A casa dos grandes pensadores
 
 
 

JOAQUIM SATURNINO DA SILVA

 

 

 

Predadores

Copiados da natureza, de forma ruim como toda cópia, vieram, para o seio da humanidade os homens predadores dos homens.
É compreensível o comportamento dos animais predadores que, numa certa escala hierárquica, uns vitimam outros, apenas por puro extinto de sobrevivência, como um cronograma da cadeia alimentar das espécies.
No caso humano é diferente. Este predador age racionalmente e com prazer. Qualquer sentimento presente em sua ação será sempre o indisfarçável orgulho da sucumbência de sua vítima. O sórdido prazer de destruir. A tentativa vã de saciar seu instinto destrutivo.
Desde as rústicas tocaias do sertão, até as sofisticadas e perversas armadilhas intelectuais do mundo corporativo, o sentimento sempre será o mesmo. Certíssima a máxima do grande pensador:  “o homem é o lobo do homem!
No caso dos animais, eles encontraram seus exterminadores: o homem.  No caso dos homens, delineia-se um exterminador em um futuro breve, além deles mesmos: a própria natureza.
A grande ironia nisso tudo, é que o predador homem será exterminado, numa análise final, por si mesmo. Ou seja, a cegueira da sua falsa onipotência, terminou por gerar, ao longo do tempo, a mais sutil das formas de suicídio.
Não se gera e mantém a fome e a miséria impunemente. Porém, não virá dos miseráveis a Justiça.  São fracos demais para isso. Mas possuem a seu lado a suprema ironia manejada pelas leis de causa e efeito, que os predadores se esqueceram de observar.
O Universo tem uma mente. Avalia tudo. Chamam-na de providência divina, mas não importa o nome. Importa que ela não está inerte, mas num compasso de espera. Como se aguardasse uma tomada de consciência da humanidade. Poderia dar certo, afinal?
Essa é a grande incógnita. A imensa pergunta que paira solene, desde a queimada das florestas, até os lixões das grandes metrópoles.
Passa pelas guerras estúpidas que desconsideram a vida, até as mãos estendidas, daqueles que pela própria fraqueza, desistiram de lutar. 
É como se Deus tivesse ainda a esperança de que o homem descobrisse que o verbo amar deve, além de ser conjugado, ser praticado.
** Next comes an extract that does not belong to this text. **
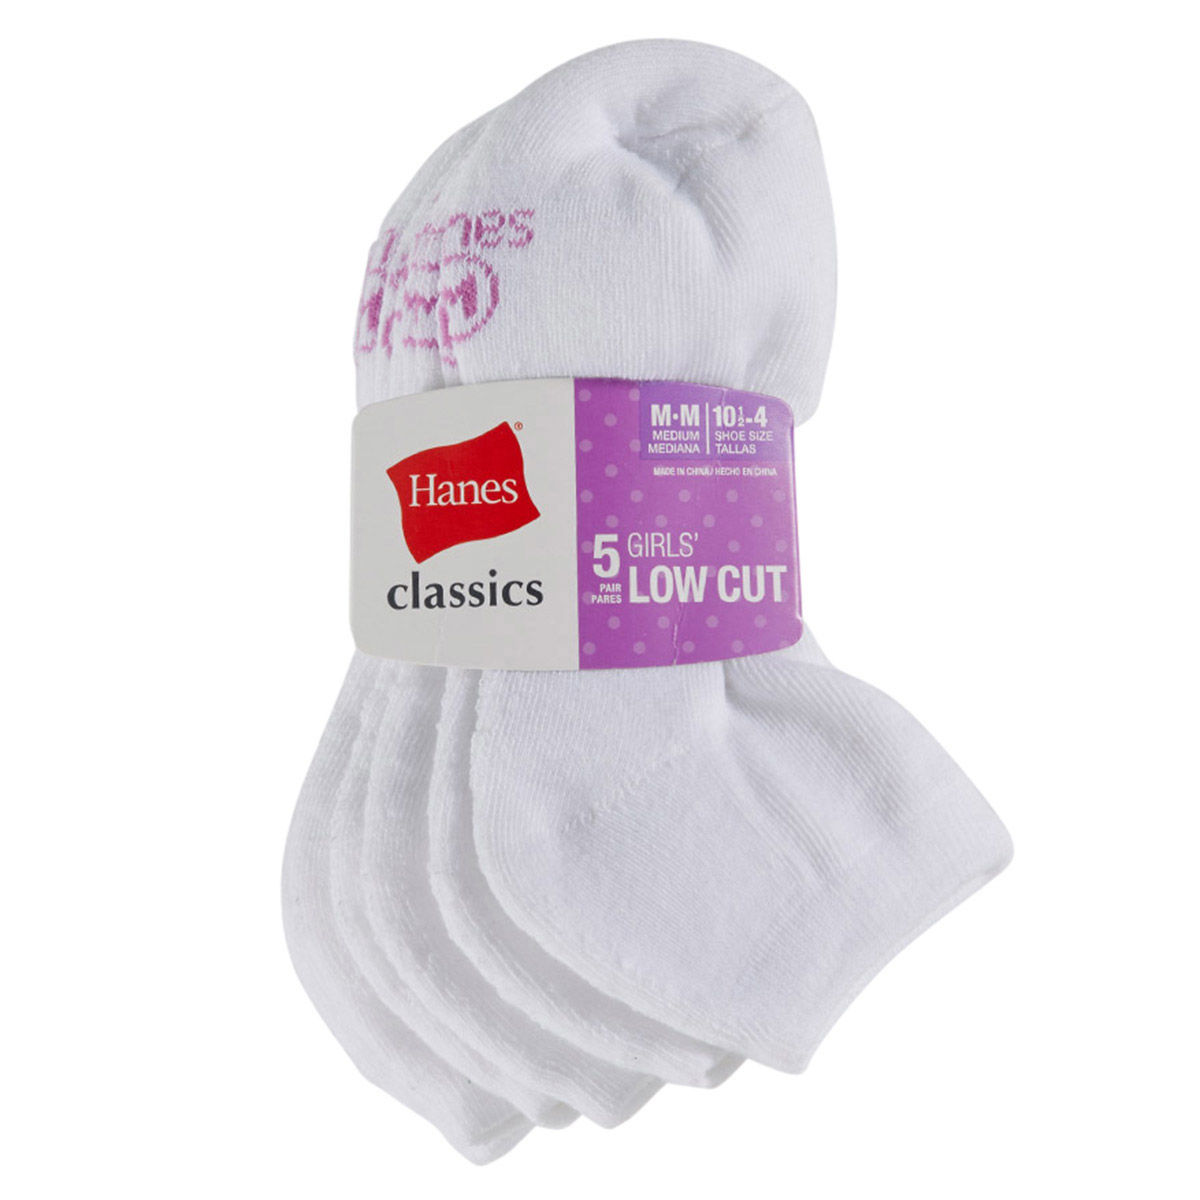 Hanes Girls' Classics Low Cut Socks, 5-Pack

Pois para isso existe, afinal.
Mas enquanto isso não acontece, a vida segue seu curso em direção ao nada.
A título de exemplo, podemos olhar para nosso momento político atual, onde os predadores assumiram completamente o poder. Momento delicado, quando todos os homens de princípios abandonam, um a um, o cenário político nacional. A terrível sensação que temos, é a de que a sepultura de nosso País está pronta. E é tudo apenas uma questão de tempo, não muito tempo.
Cavada por seres sem o menor escrúpulo, munidos da mais terrível das armas manejadas pelos predadores modernos: a chantagem. O poder de domínio do ponto fraco dos adversários. O conhecimento de seus pequenos pecados que, por uma questão de comodidade, desejam manter ocultos.
Temos um Congresso Nacional terminal. Padece da mais completa falência de órgãos jamais vista na história.  Mas essa história poderá jamais se tornar oficial, porque os predadores sabem manejar suas armas. A única coisa que não sabem, é que sucumbirão junto, sem a menor piedade da Mente Universal.
Como homens falhamos.  E deixaremos gravado para o infinito a notícia de que os animais são muito mais “humanos” que nós.
E o grande erro dos predadores se repete: extinguem a manutenção de suas próprias vidas junto com a extinção de suas vítimas.
E será assim, por tal via tortuosa, que a Justiça se fará.